It’s never too early to discuss video games’ future in the history books. How will the ages of video games be divided; what are the influential turning-point moments, etc.
A friend of mine got me thinking. He proposed Final Fantasy VII started the Silver Age of Video Games, which at first I fought on the grounds that it’s too early. But I now agree for these reasons.
Final Fantasy VII divides the video game medium between an art of visual stimulation to an art of interactive story telling. Final Fantasy VII raised the bar on graphics, cinema-styled art direction, and a rich story filled with character development, back-stories, and emotion not yet seen. Certainly games explored this style, especially the Legend of Zelda games and early Final Fantasy games, but these games, with their cute, pixilated figurines just had too many limitations visually to create the emotion needed. Early video games created these cute characters not for aesthetic quality, but because this was the best computers could do.
At first this sounds like a contradiction: early video games were visual arts without good visuals. But that, simply, was the art: It was about creating a believeable 2D world that encouraged extremely repetitive play and rewarding challenges. These games were short, often only a few hours took to beat them, and the joy of constant play came from finding shortcuts and power-ups. A friend could jump into a game of Super Mario Bro. at any point and not be worried about following the
back-story.
Now, a game of less than 20 hours is considered too short by critics. Games, as a standard, are expected to have compelling lead characters and a structured story. This change is most obvious in fighting games like the Mortal Kombat series which started out as the controversial blood bath where only avid fans knew the mythology. Now, Mortal Kombat has evolved into a detail story where characters die, come back to life, and players must complete role-playing styled missions to unlock new characters. These stories are rarely as fleshed out as the champion of story-telling, the role-playing genre, but the change in style is revealing.

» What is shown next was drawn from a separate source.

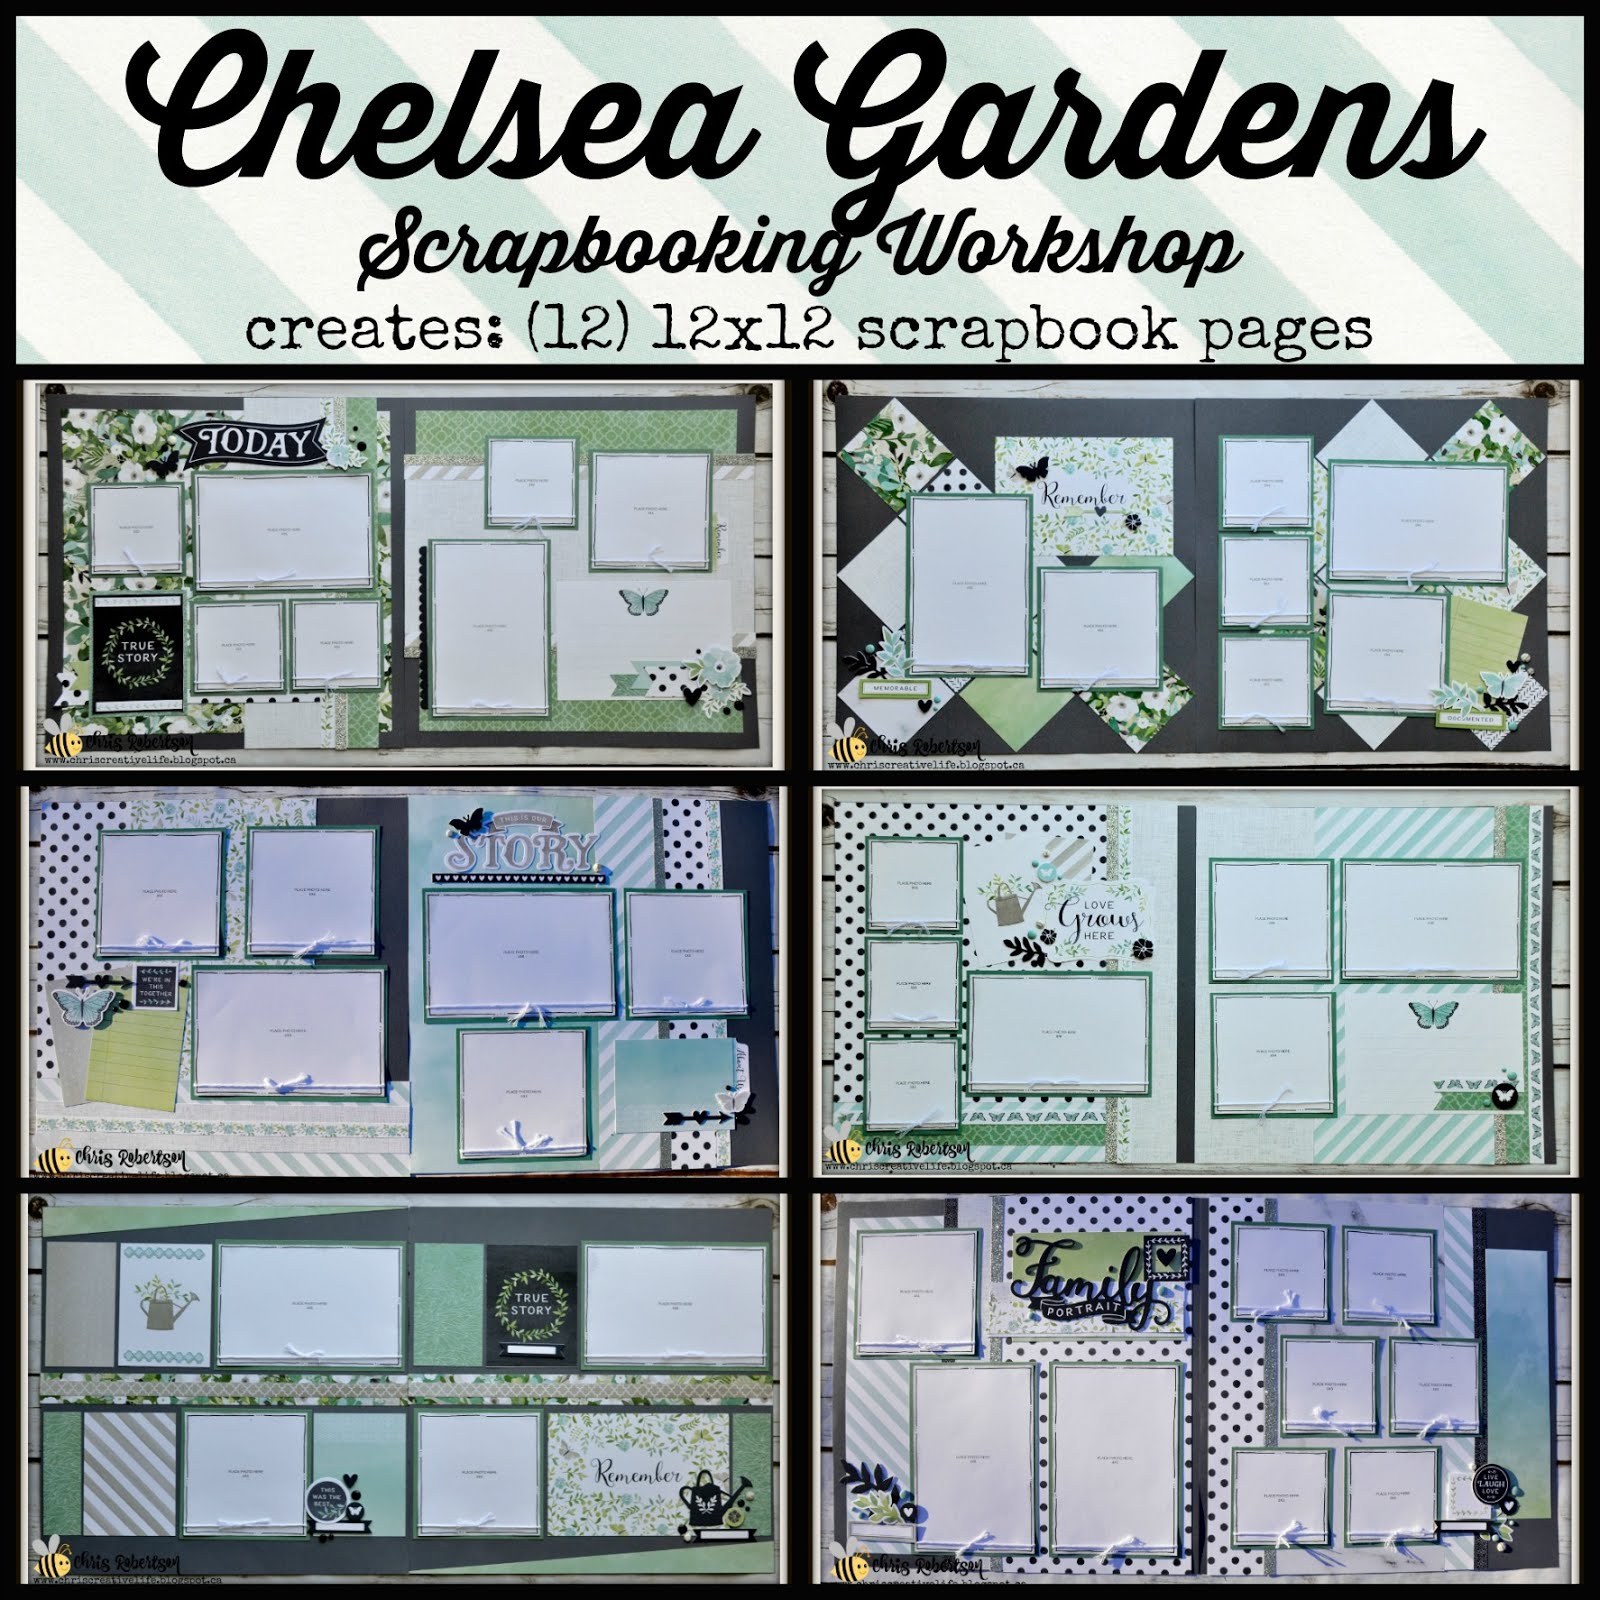 Chelsea Gardens Scrapbooking Workshop

The visual styles of older video games resemble the black and white silent pictures of cinema’s golden age. Video games manages to create atmousphere and style using limited means - no voice overs, 2D, minimal memory to save games or variety in game play. But games fought through the challenges, creating the colorful world of Mario and Sonic compared to the dark and scary adventures of Castlevenia. But we played these games for those visuals, not the story. In the end, the story broke down to saving the princess or killing Dracula. Everything else was about finding a power-up mushroom.